To solve the equations for \(\hat A\) an extremely low starting value would be 0. An extremely high value would be when \(\hat A \gg \sigma_i^2\), in which case we get estimates of \(\hat A\) identical to the equal variance case. In general then I'd expect the solution to be between these and could be solved by bisection (though I'm not completely sure of the upper bound, or that it has a unique solution).

What's next

This gives some of the theory of estimating the means of groups, but it would be good to exercise it against some practical examples.
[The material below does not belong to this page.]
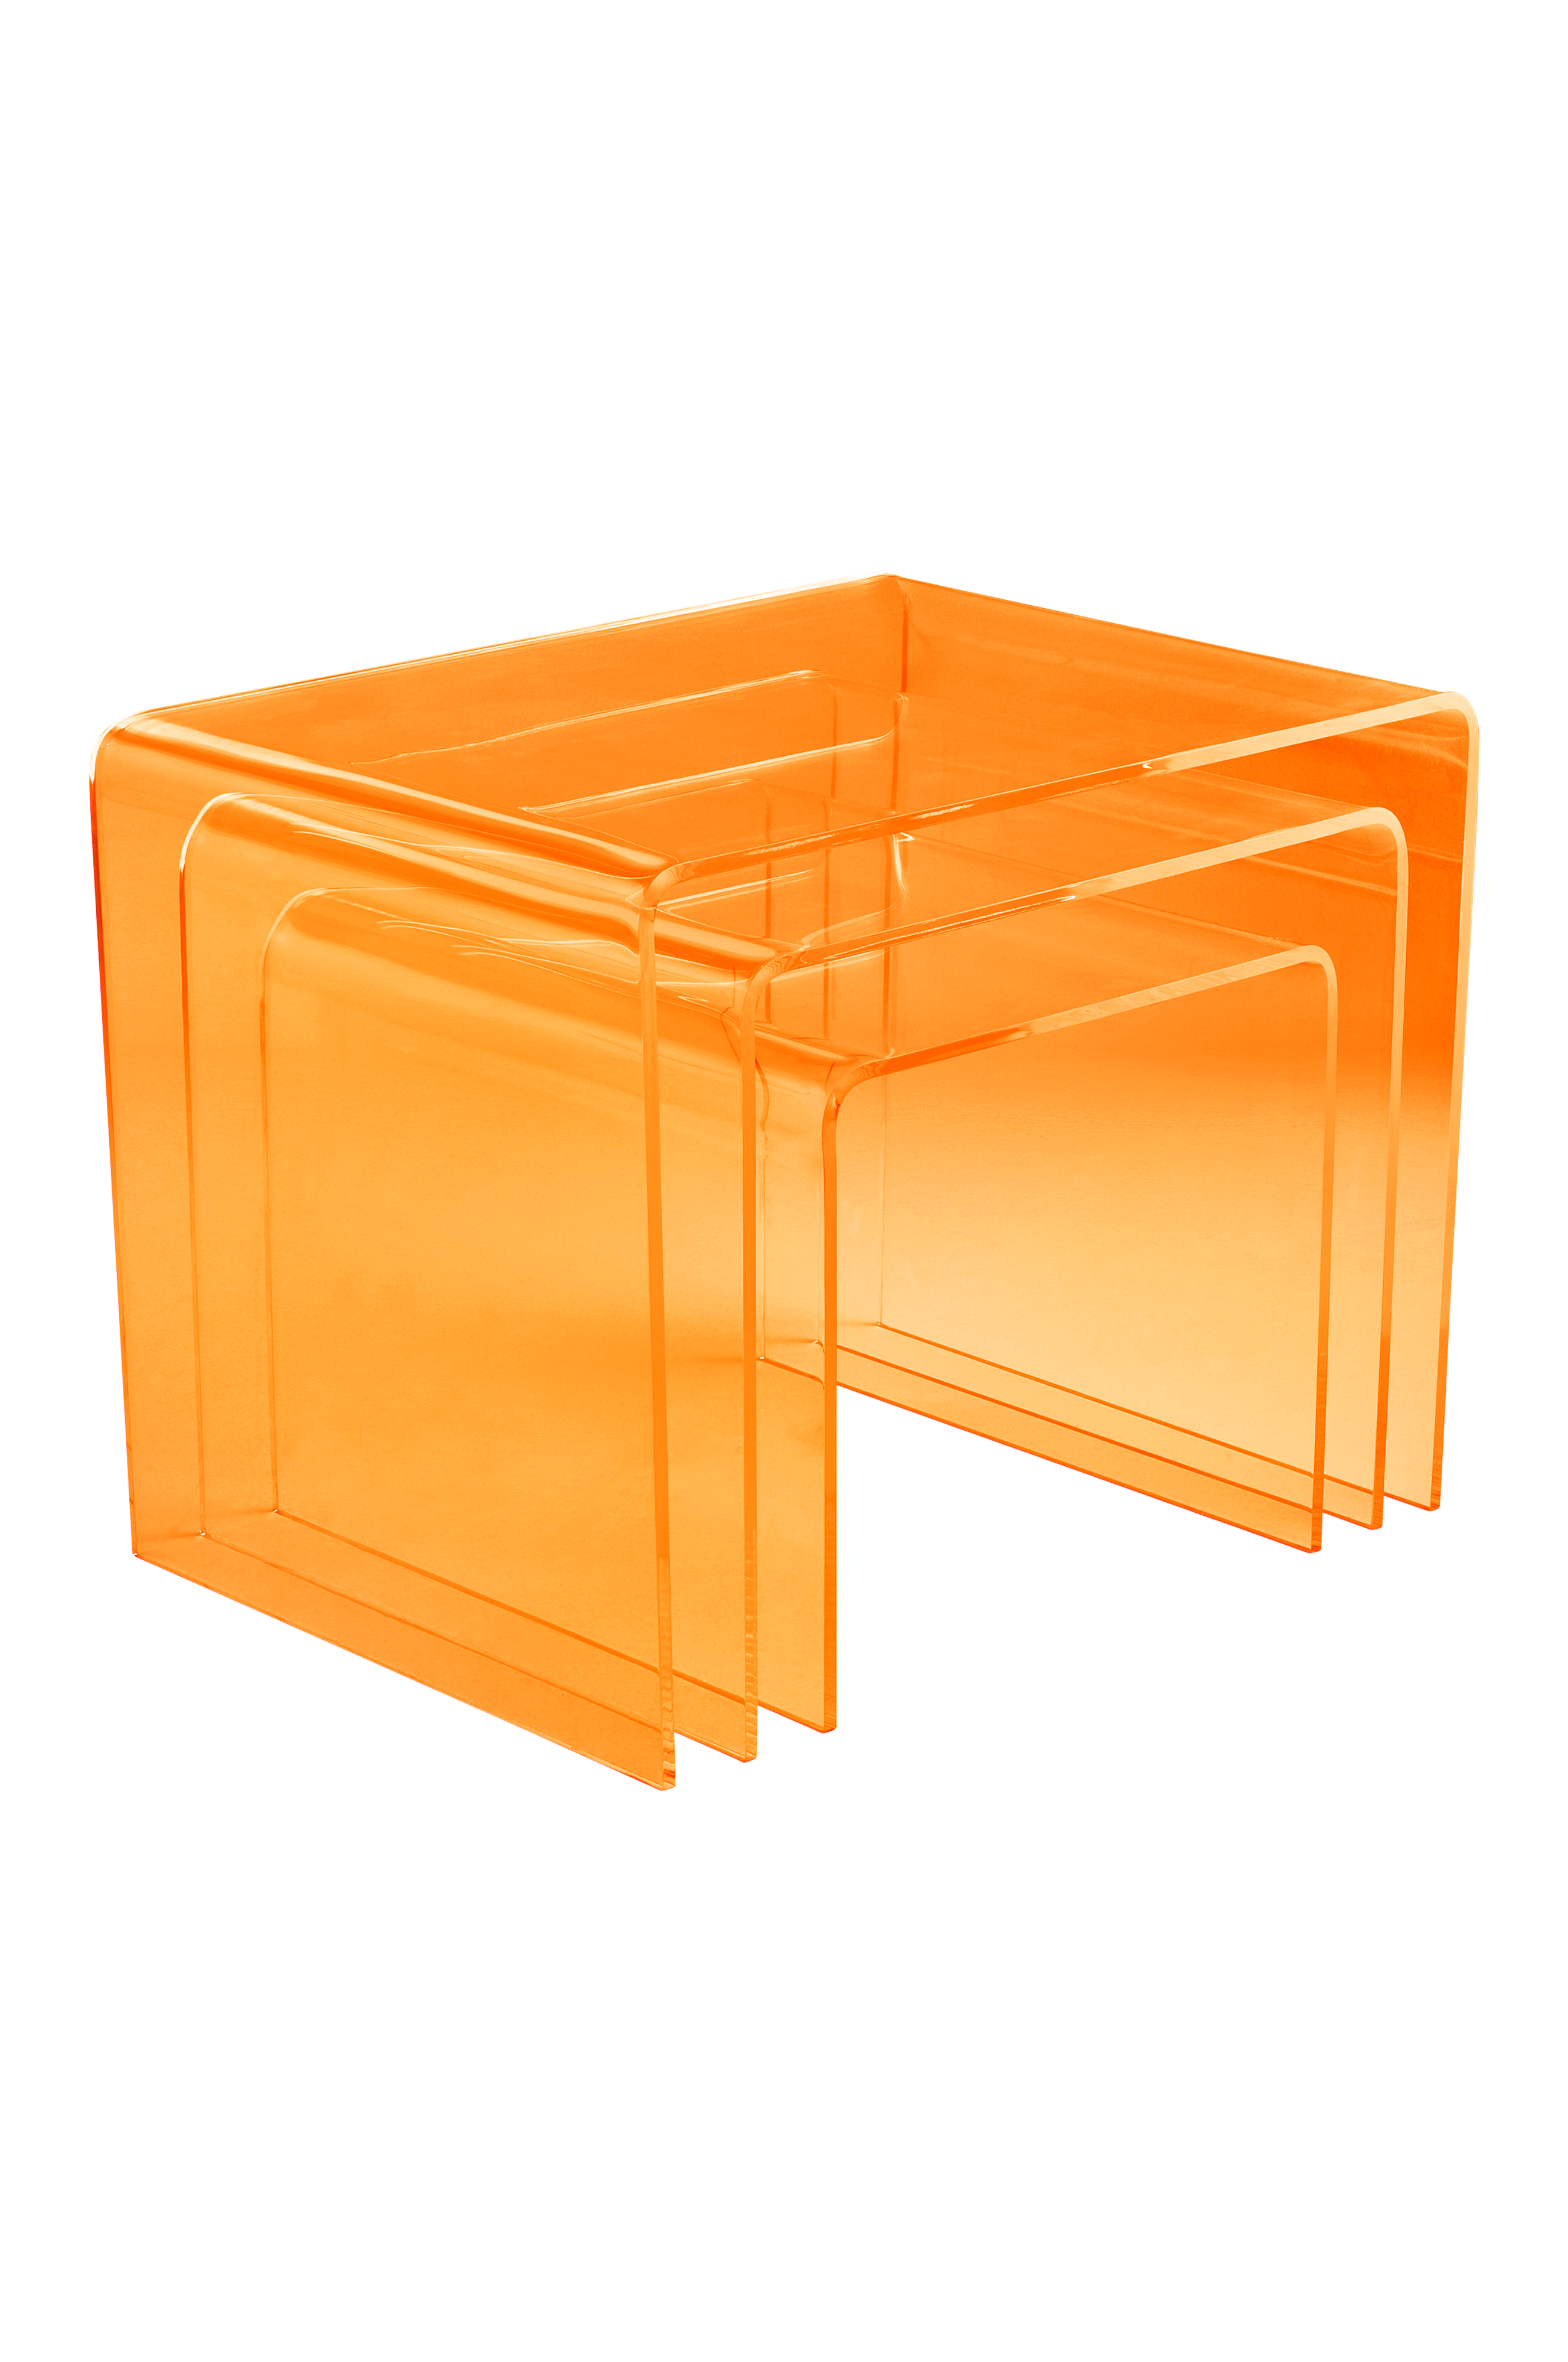 2x Plexiglas getönt Beistelltisch, Couchtisch Acryl orange-b
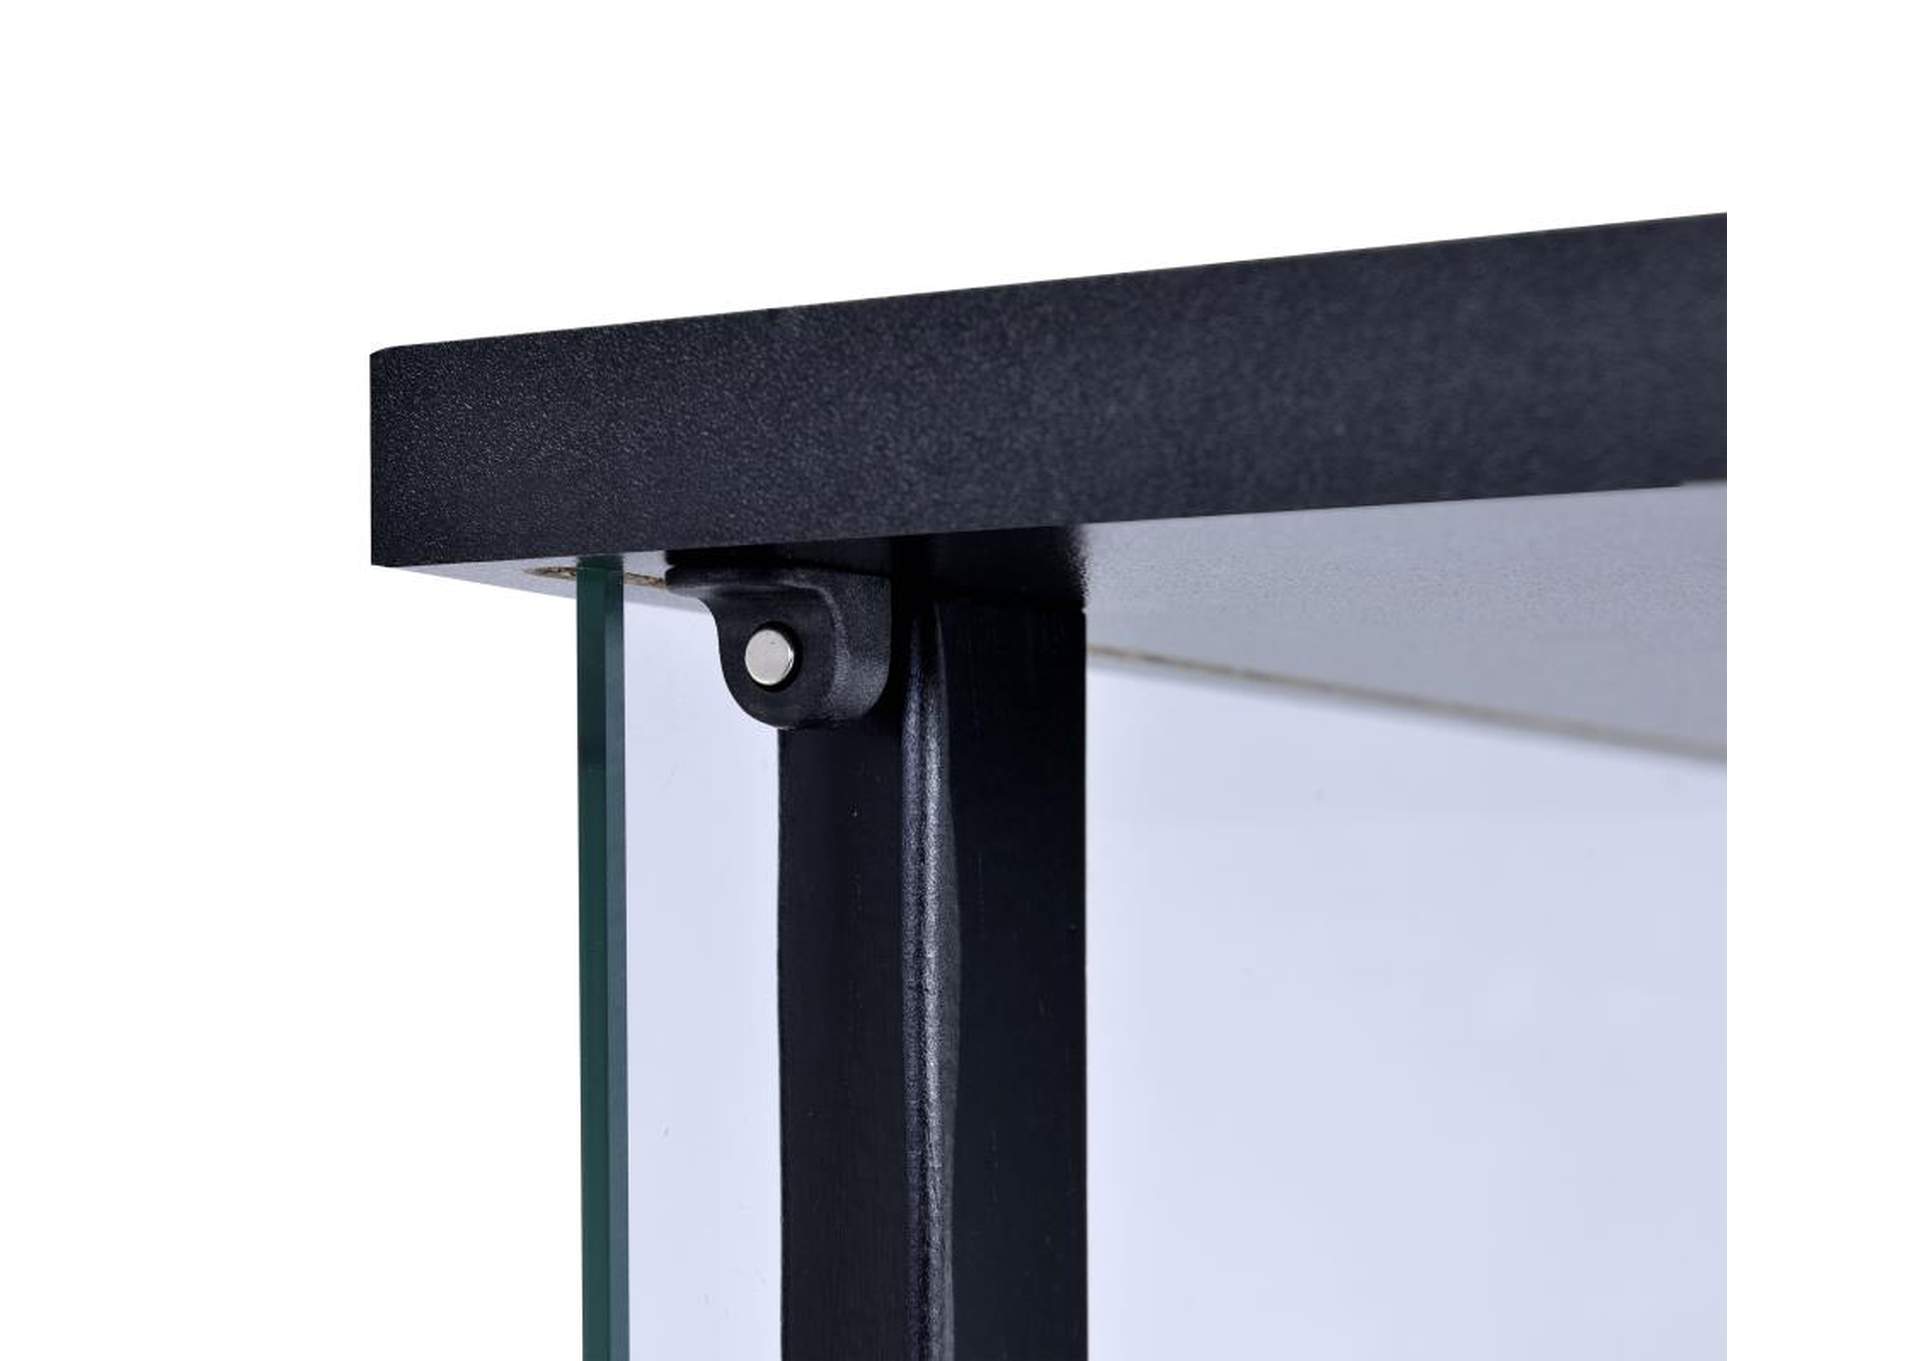 3-shelf Glass Curio Cabinet Black and Clear,Coaster Furniture

The benefits are largest when the between-group variance is lower than within-group variance, so in particular when there are lots of groups and a few noisy estimates in each group. The estimators we derived are biased, but it's not a big issue when there are a large number of groups (say when \(K \gg 3 \)).

The amount of shrinking changes with the standard deviation which can change the ranking of the results. This provides a methodological tool that covers a substantial problem in analysis; the most extreme data points tend to come from the data with most variation. This could potentially be used to address these problems (and even construct probabilistic orderings) in a principled way.

It could also be interesting whether we could construct Empirical Bayes models for other distributions, in particular binomial distributions could be interesting (when some observations only have a few data points and the normal approximation breaks down).

Finally we could take this further and build, and estimate, multilevel models directly. However these are harder to analyse in general and a lot more computationally intensive.